Huy Tran vows to fight for working families in San Jose
District 4 contender Huy Tran speaks to resident Dalbir Hundan in his home. Photo by Nadia Lopez.

    Huy Tran embodies the first-generation vision of the American Dream.

    His parents, Hai Tran and Kim Ho, fled Vietnam on boats in the aftermath of the Vietnam War, scraping together what little they had to start anew in California.

    Growing up, Tran’s parents worked long hours as landscapers, inspiring him to always fight for the little guy. In college, he got involved in the labor movement as a student organizer to fight against budget cuts to the California State University system.

    After graduating, Tran struggled while working odd jobs and lived out of his car. His friend, Assemblymember Ash Kalra, offered him a place to stay to get back on his feet — and he did. After a few months, Tran returned to community organizing and eventually to law school before he opened his own practice, Justice at Work Law Group with Tomas Margain, dedicated to worker’s rights.

    “We all need a helping hand from time to time,” Kalra said. “He’s never forgotten those who have helped him along the way. He doesn’t see himself running as a way of validating himself, he sees it as a way of empowering a community. I’m very proud of how he’s been running his campaign and who he’s become over the years.”

    For Tran, a 37-year-old employment attorney, his life experiences come full circle as he runs for San Jose’s northernmost region — District 4. He seeks to unseat Councilmember Lan Diep by approaching the city’s most pressing issues — homelessness and housing — and the district’s growth with a bold approach.

    Housing and homelessness

    To address housing, Tran said it’s important to build — but not at the expense of existing affordable units like mobile home parks, for example. He said the “trickle-down” approach, which focuses on building market-rate housing, isn’t working, as people across the socioeconomic ladder still aren’t getting housed.

    “All these theoretical or economic arguments, justifications for how we increase housing production — it’s all pie in the sky,” he said. “What you get is people who are struggling in the streets, families who don’t have a choice but to live in multi-generational households. These are people who have been a part of this community, been a part of the city for decades and they’re right now being squeezed out.”

    Tran is critical of policies that give developers fee reductions or waivers, instead advocating for a commercial linkage fee on new development to spur funds for affordable housing, studying how residential vacancies can be used as housing solutions and enforcing stronger rent control provisions. Tran said getting people housed is the first step in making a dent in the homelessness crisis in addition to treating underlying issues, such as mental health or addiction.
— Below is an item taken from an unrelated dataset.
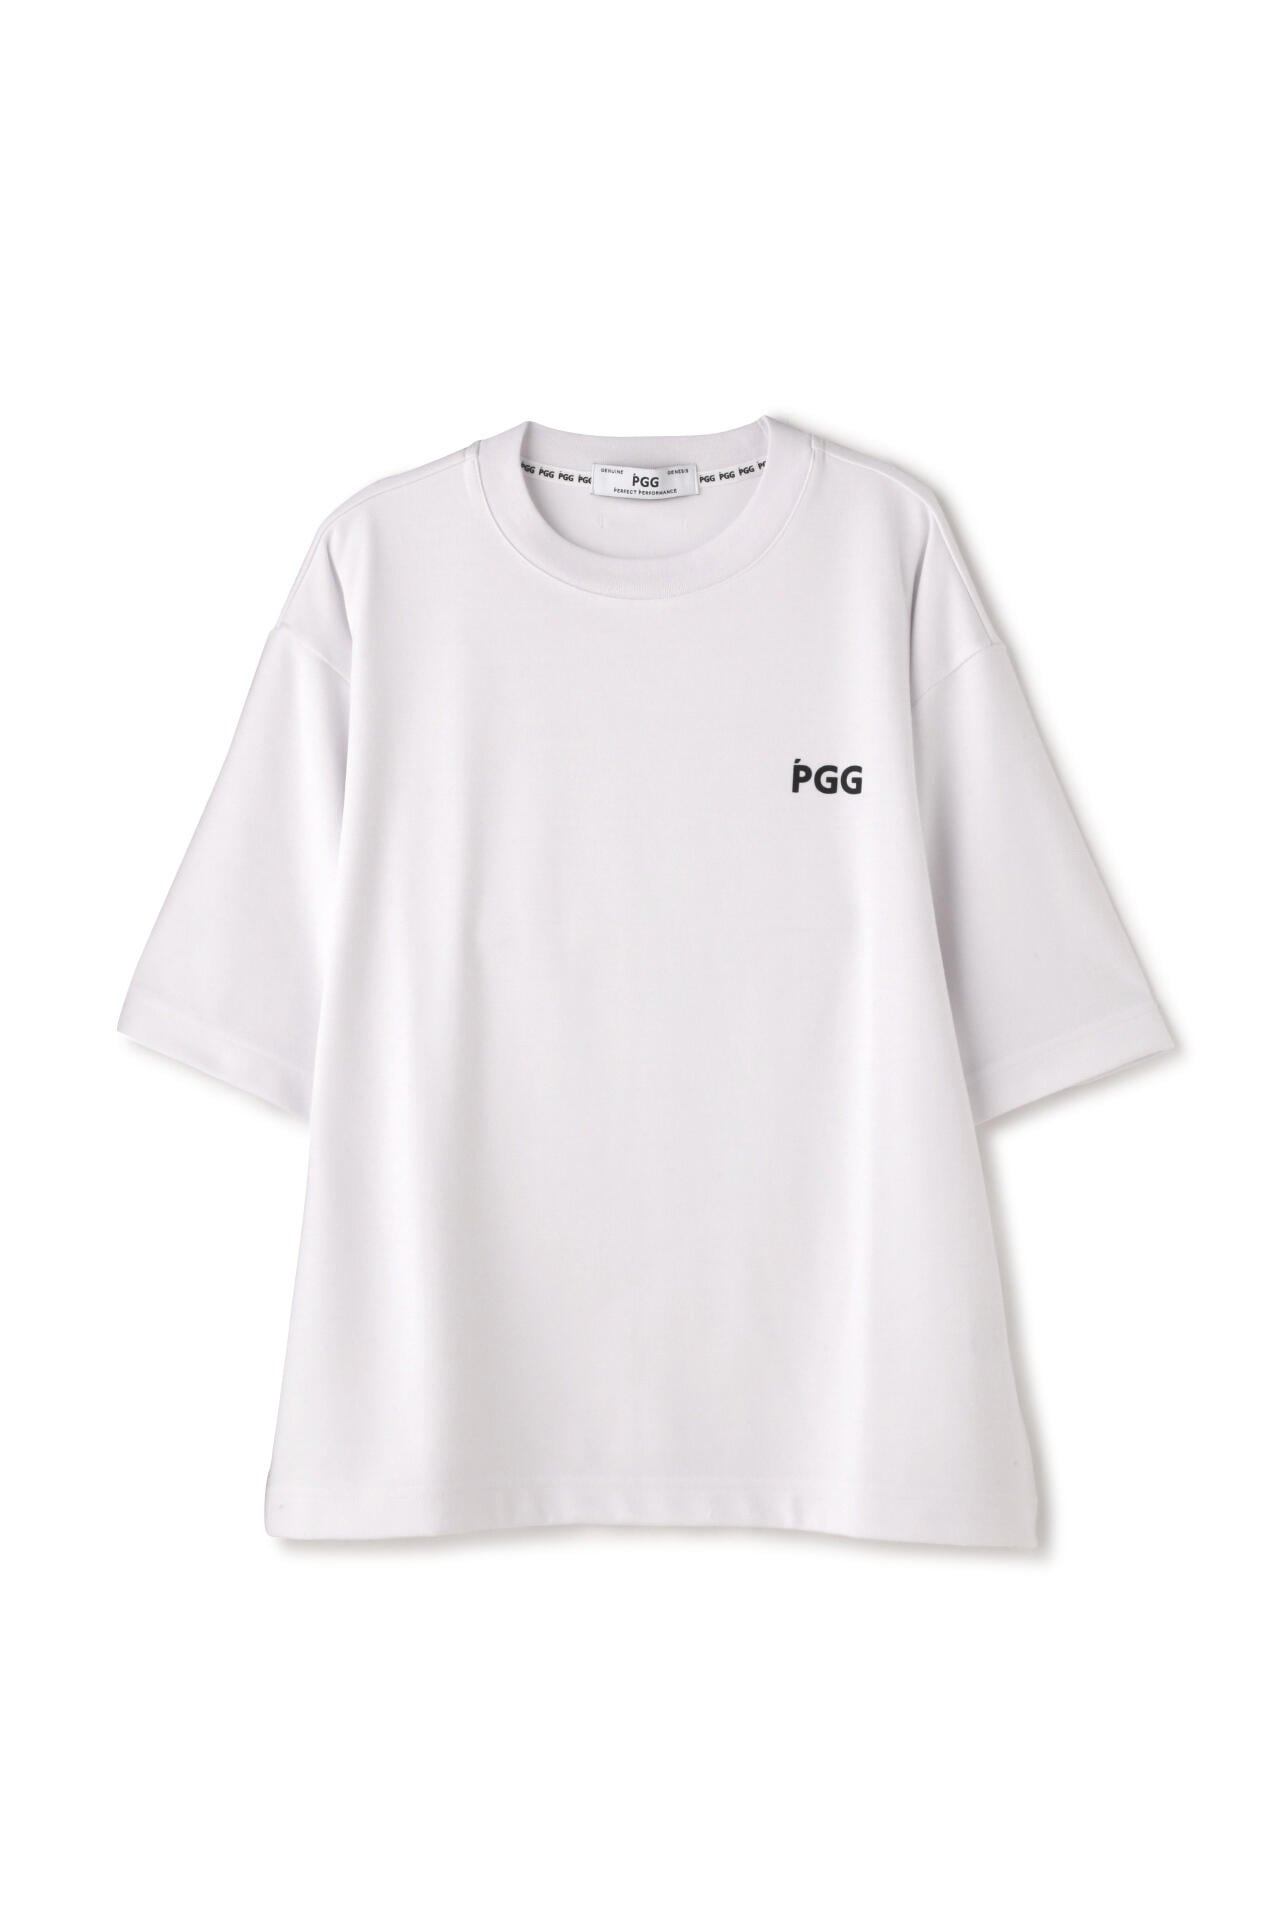 PGG Tシャツ レディース 1サイズ - ウエア(女性用)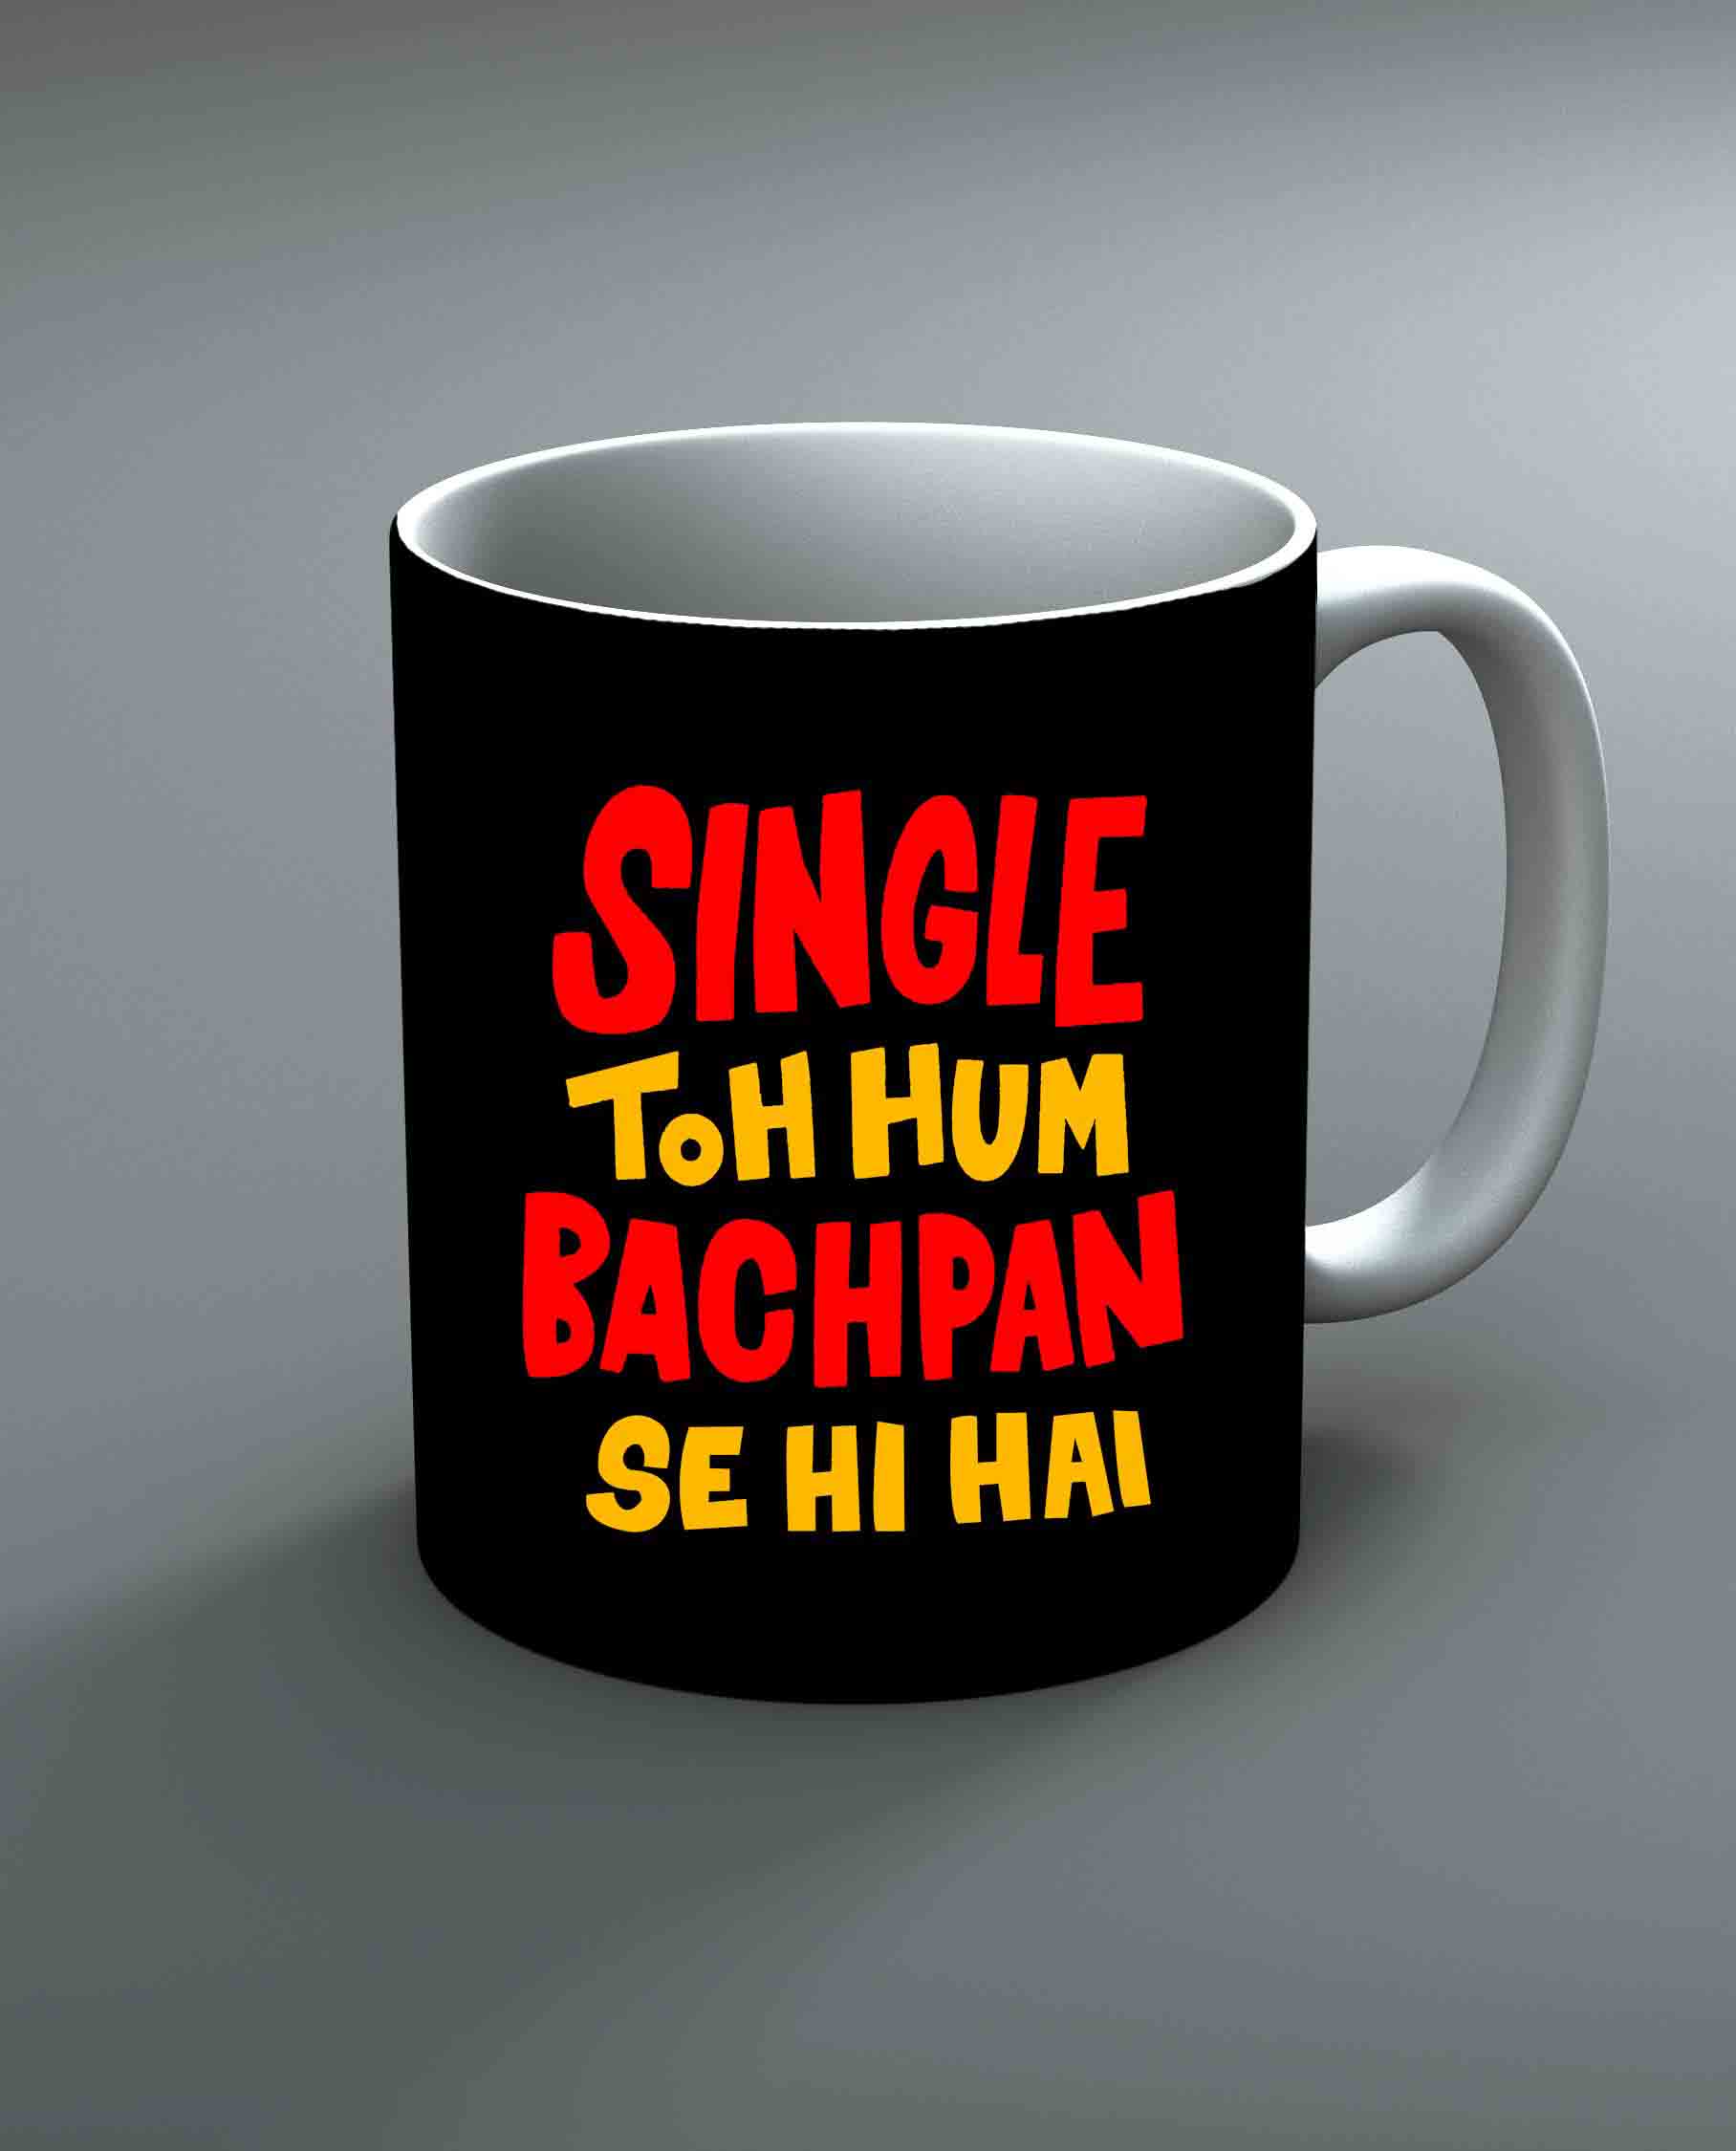 Single Toh Hum Bachpan Se Hi Hai Mug By Roshnai - Pickshop.Pk

    “We can focus on providing shelter first — that’s how you can get to a place where you can solve a problem,” he said.

    According to recent financial disclosures, Tran has raised nearly $78,000 for his campaign.

    Economic development

    North San Jose has seen a surge of development in recent years, with market-rate townhouses lining once-deserted streets ahead of BART’s arrival. But the area still grapples with a lack of public transit and rising traffic. As the neighborhood transforms, Tran wants to ensure residents aren’t displaced, that growth serves existing residents and that community events, such as the Berryessa Flea Market, are preserved.

    “Managing our growth is going to be very important,” he said. “If we’re going to develop and grow in this area, how do we preserve the culture of places like a flea market, how do we ensure that BART coming in, that Google buying up these new buildings, serves to benefit the folks here?”

    Tran wants to invest more in public transit, especially the city’s bus lines and expanding VTA’s service areas. If taking the bus didn’t take as long or was as efficient as driving, he said, people would use it more.

    Tran is one of three challengers, including Berryessa School Board Trustee David Cohen and tech worker Jamal Khan, who hope to unseat Diep in the March 3 primary.

    Contact Nadia Lopez at [email protected] or follow @n_llopez on Twitter.

    Name: Huy Tran
    Age: 37
    Family: Longtime girlfriend, Joanne
    Political affiliation: Democrat
    Education: Bachelor’s degree in political science, San Jose State University; Juris doctor from Santa Clara University of Law
    Profession: Employment attorney
    Current or previous elected or appointed positions: San Jose’s Housing and Community Development Commission
    Top 3 priorities: Housing; economic development; improving services and community
    Top 3 endorsements: Assemblyman Ash Kalra, San Jose Councilmembers Raul Peralez and Magdalena Carrasco
    Special talent: Tran loves to karaoke. His go-to song is ‘Feeling Good’ by Michael Bublé, which he considers a “celebration song, no matter what.”
    In one sentence, why vote for you? “We need representation that will protect our communities and empower the people that live here.”